Table2Name, Table2JoinColumn, Table2Other Column1, Table2OtherColumn2, ……...
Format of the Output File: -
If Table1JoinColumn value is equal to Table2JoinColumn value, simply append both line side
by side for Output. If Table1JoinColumn value does not match any value of
Table2JoinColumn, simply remove them for the output file. You should not include two joins
contains same row (No duplicate joins in output file).
Note: -
Table1JoinColumn and Table2JoinColumn would both be Integer or Real or Double or Float,
basically Numeric.
Example Input : -
R, 2, Don, Larson, Newark, 555-3221
S, 1, 33000, 10000, part1
S, 2, 18000, 2000, part1
S, 2, 20000, 1800, part1
R, 3, Sal, Maglite, Nutley, 555-6905
S, 3, 24000, 5000, part1
S, 4, 22000, 7000, part1
R, 4, Bob, Turley, Passaic, 555-8908
Example Output: -
R, 2, Don, Larson, Newark, 555-3221, S, 2, 18000, 2000, part1
R, 2, Don, Larson, Newark, 555-3221, S, 2, 20000, 1800, part1
R, 3, Sal, Maglite, Nutley, 555-6905, S, 3, 24000, 5000, part1
S, 4, 22000, 7000, part1, R, 4, Bob, Turley, Passaic, 555-8908
Another correct answer is:
R, 2, Don, Larson, Newark, 555-3221, S, 2, 18000, 2000, part1
R, 2, Don, Larson, Newark, 555-3221, S, 2, 20000, 1800, part1
R, 3, Sal, Maglite, Nutley, 555-6905, S, 3, 24000, 5000, part1
R, 4, Bob, Turley, Passaic, 555-8908, S, 4, 22000, 7000, part1
So it means that whether R is before S is not required in the result.
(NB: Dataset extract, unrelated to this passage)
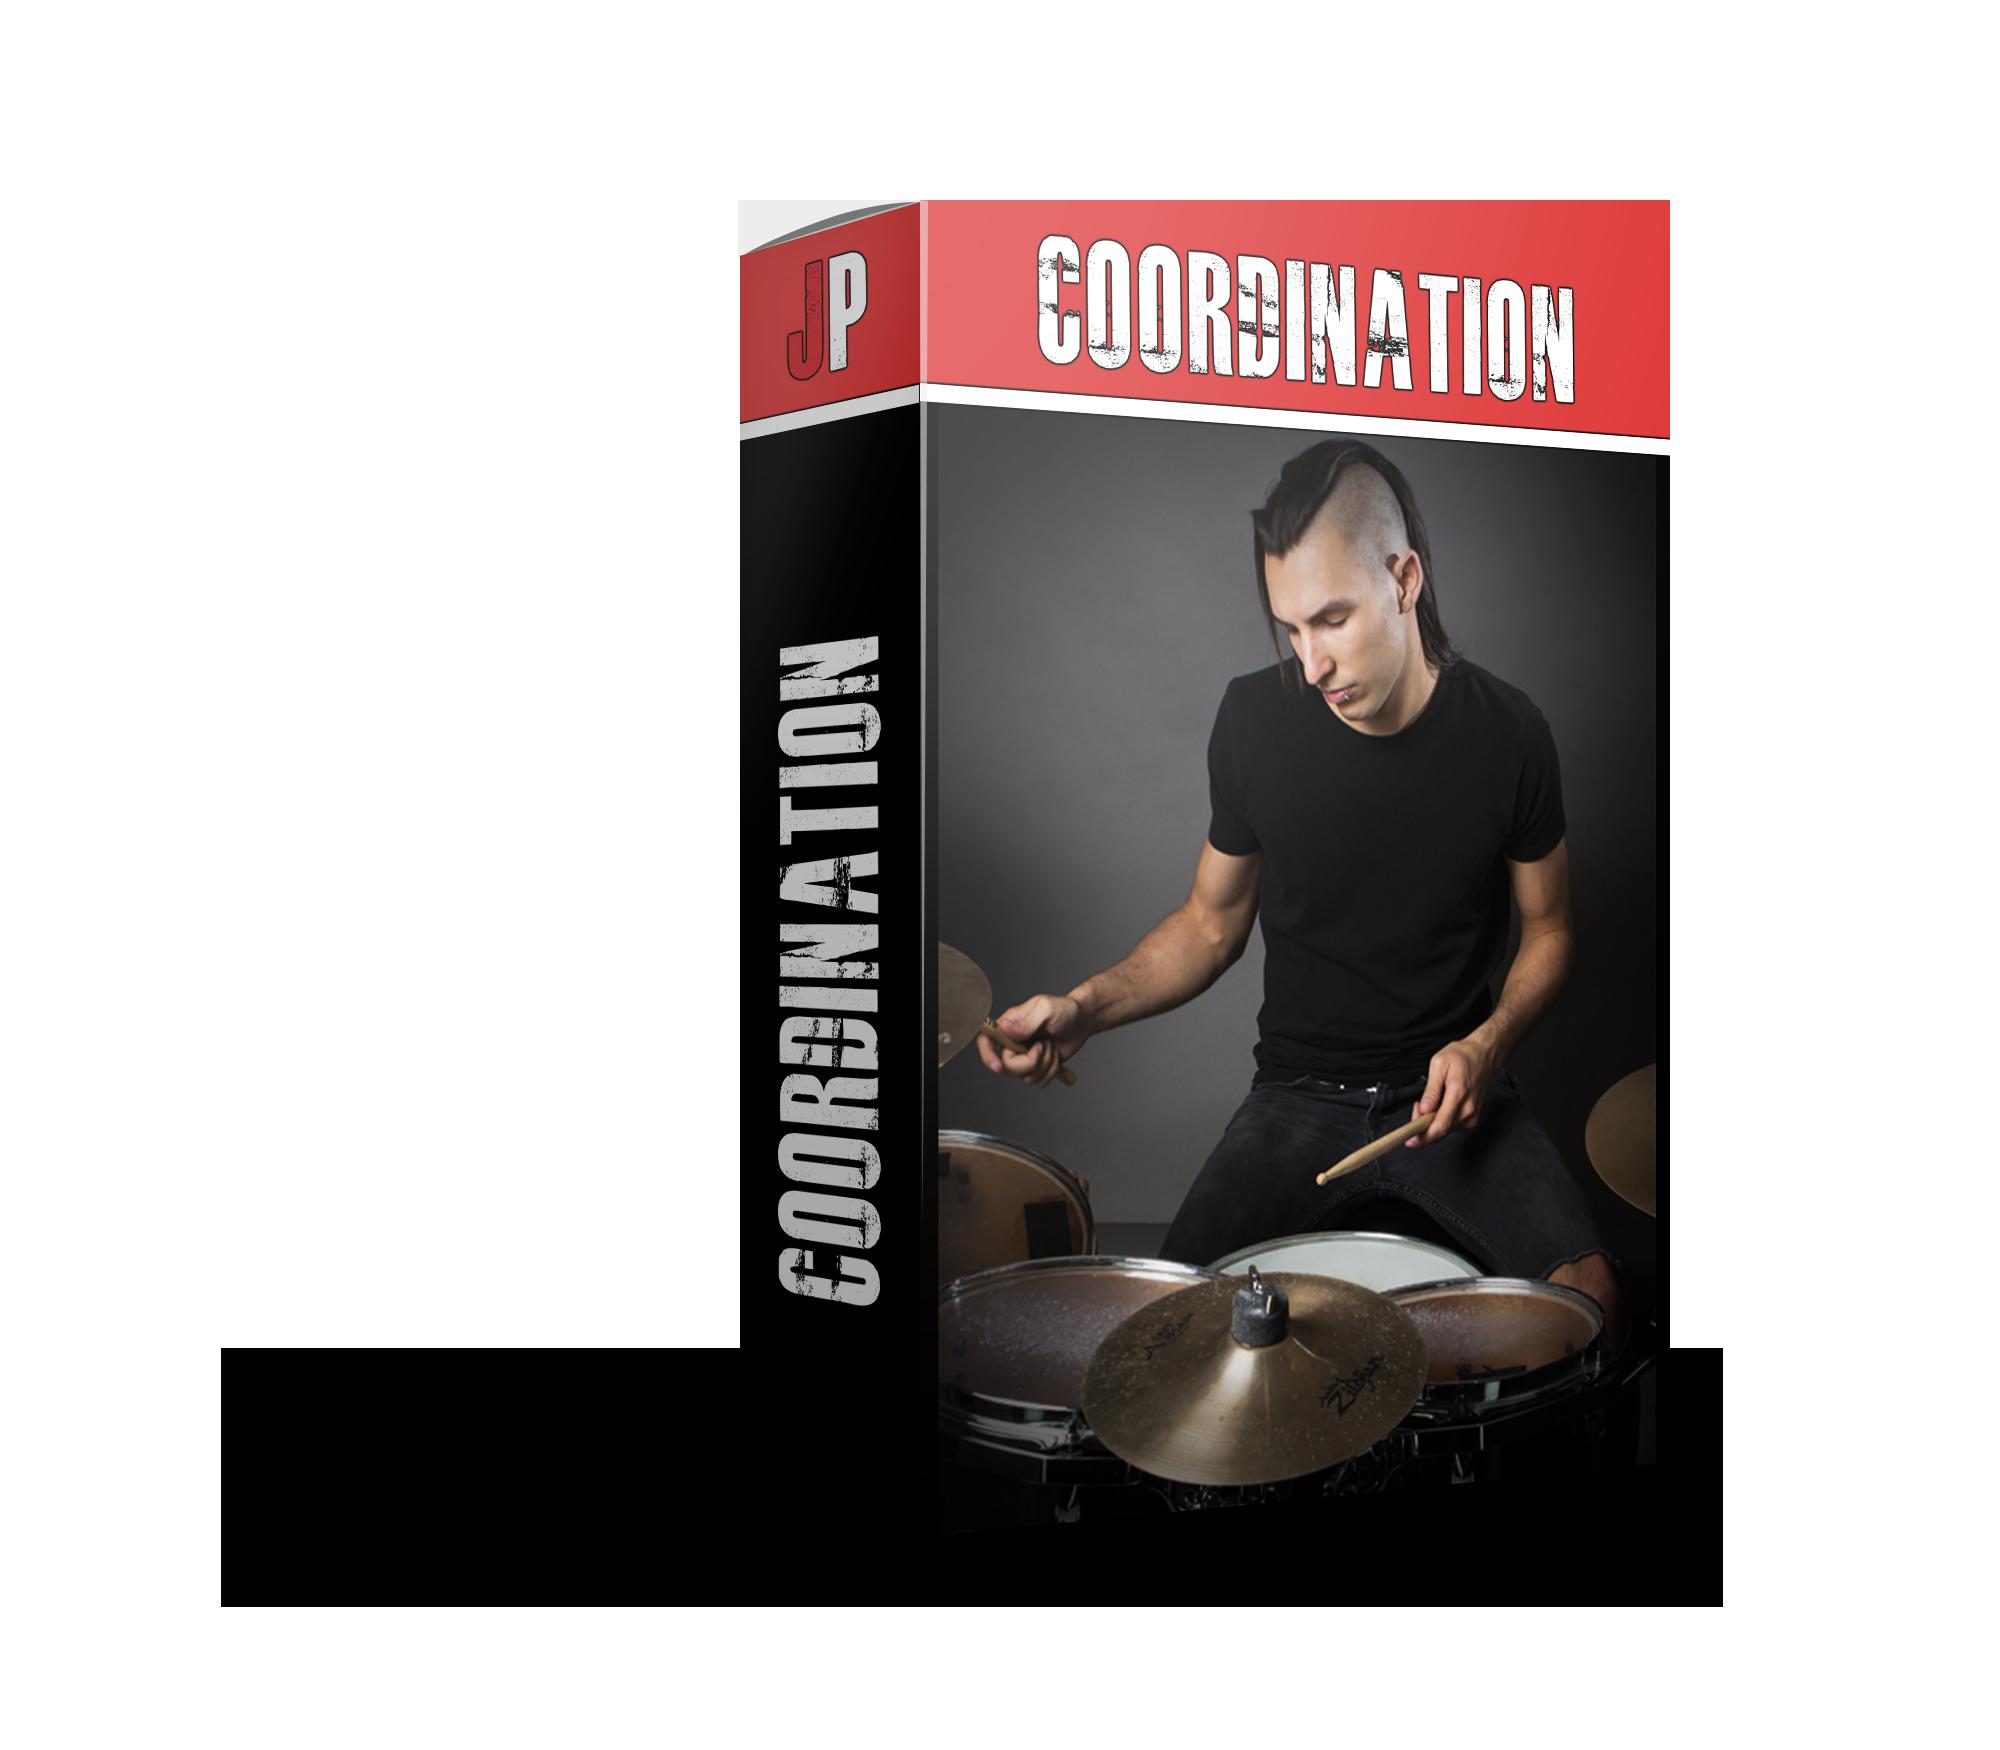 Coordination course image
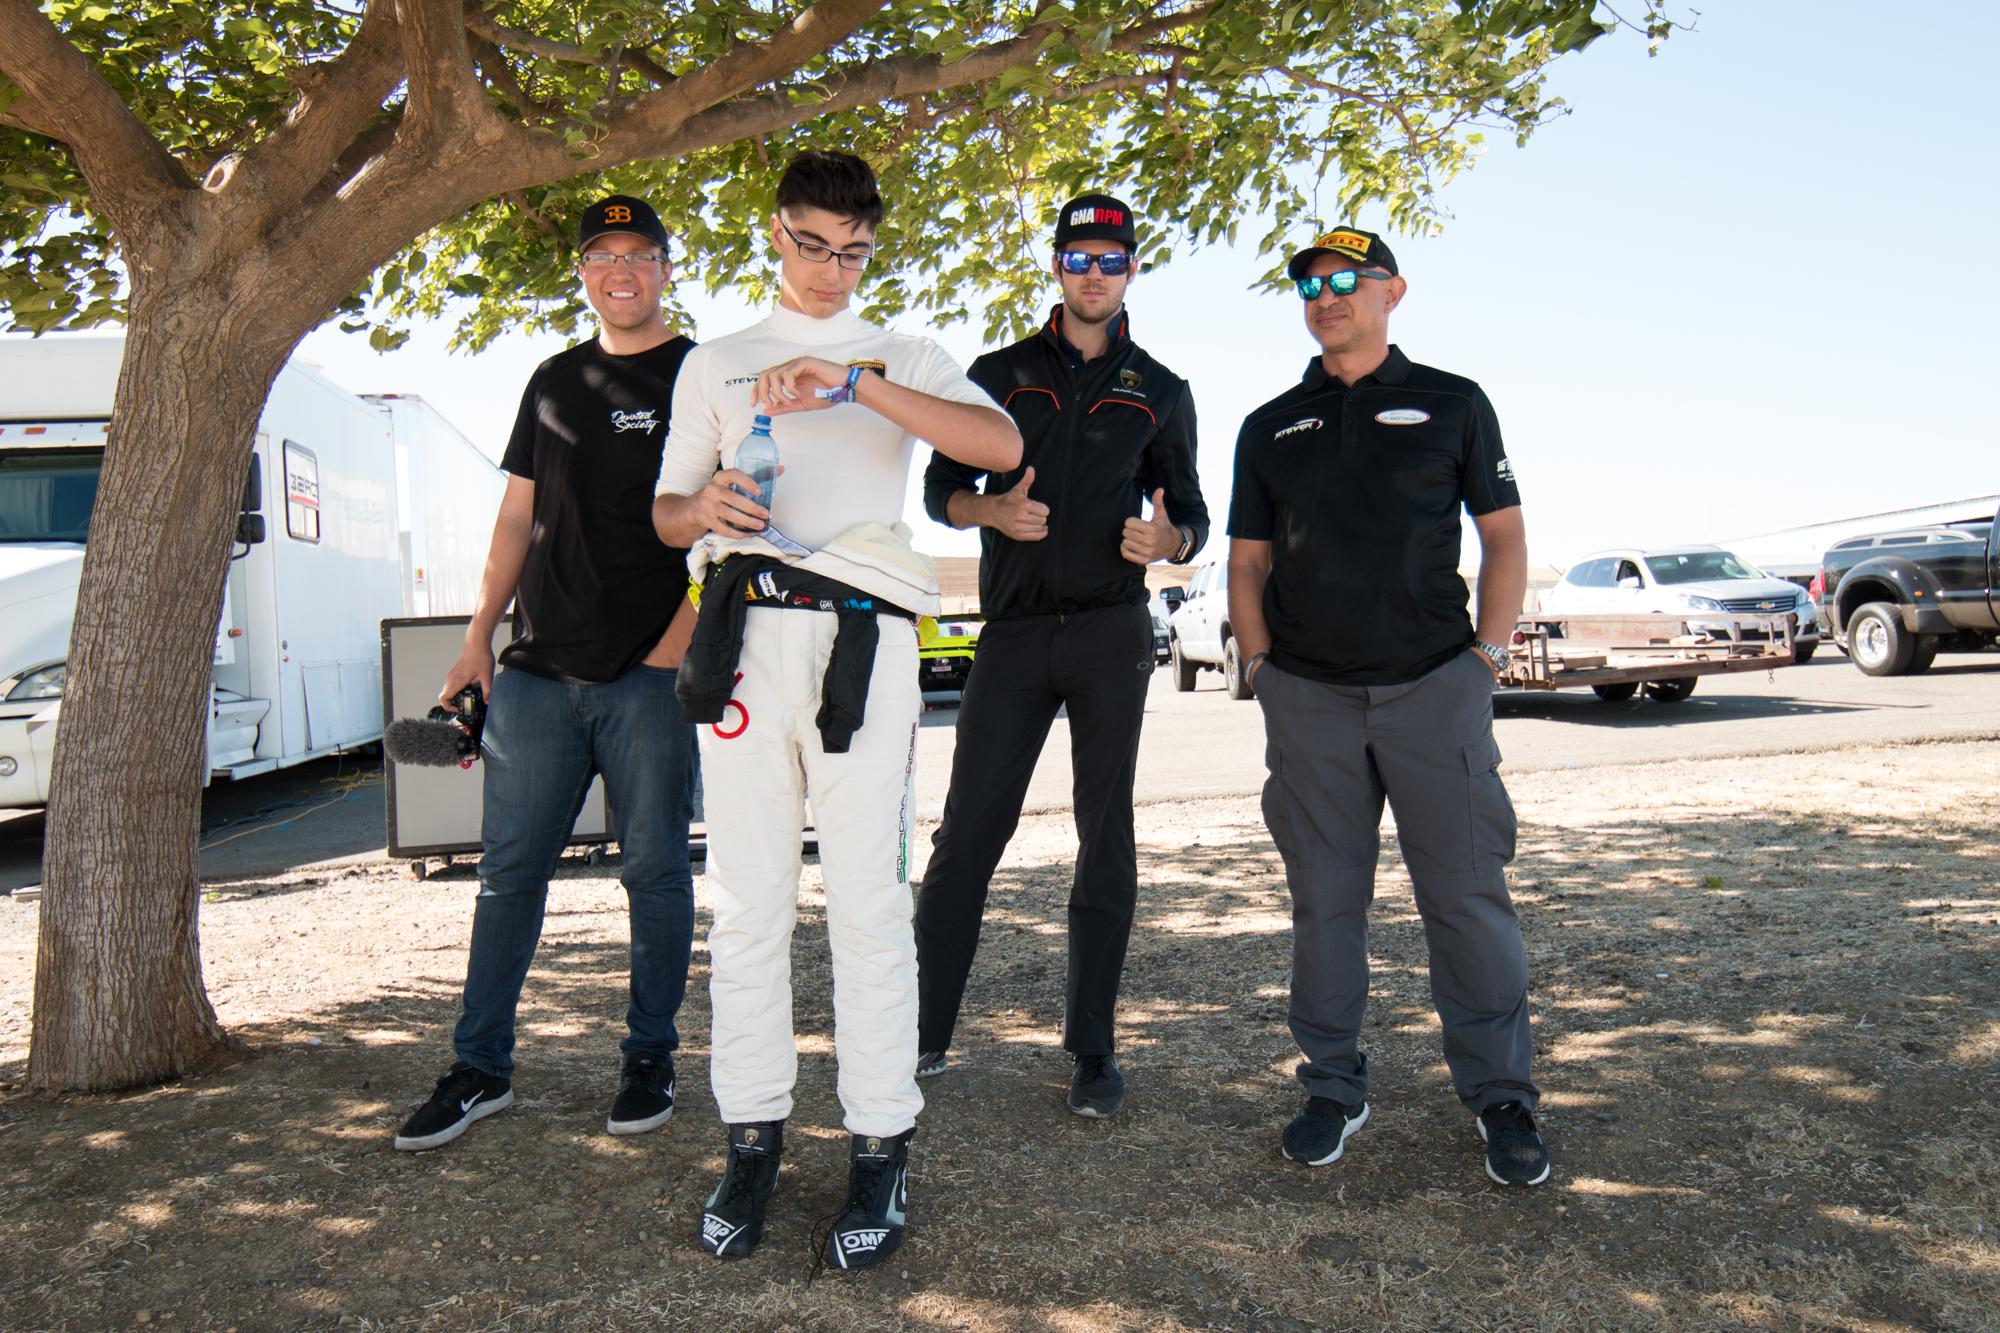 Steven-Racing-20130208-45744.jpg

But you cannot have both
S, 4, 22000, 7000, part1, R, 4, Bob, Turley, Passaic, 555-8908
and
R, 4, Bob, Turley, Passaic, 555-8908, S, 4, 22000, 7000, part1
in the output.
You cannot assume that the table are R and S all the time. They can be other two tables. Number of
tables in the input are exactly 2.
Submission Instructions: -
Put all your submission files in a folderUpload a zip file named Assignment4.zip (.rar is not
allowed and will cause point loss), which will contain three files, equijoin.java, equijoin.jar
and a ReadMe.txt. (The name has to be exactly the same as required and it is case sensitive) I
will use equijoin.jar to run the assignment. ReadMe.txt should contain the approach you used
for doing this work, basically how your mapper, reducer and driver is working in short.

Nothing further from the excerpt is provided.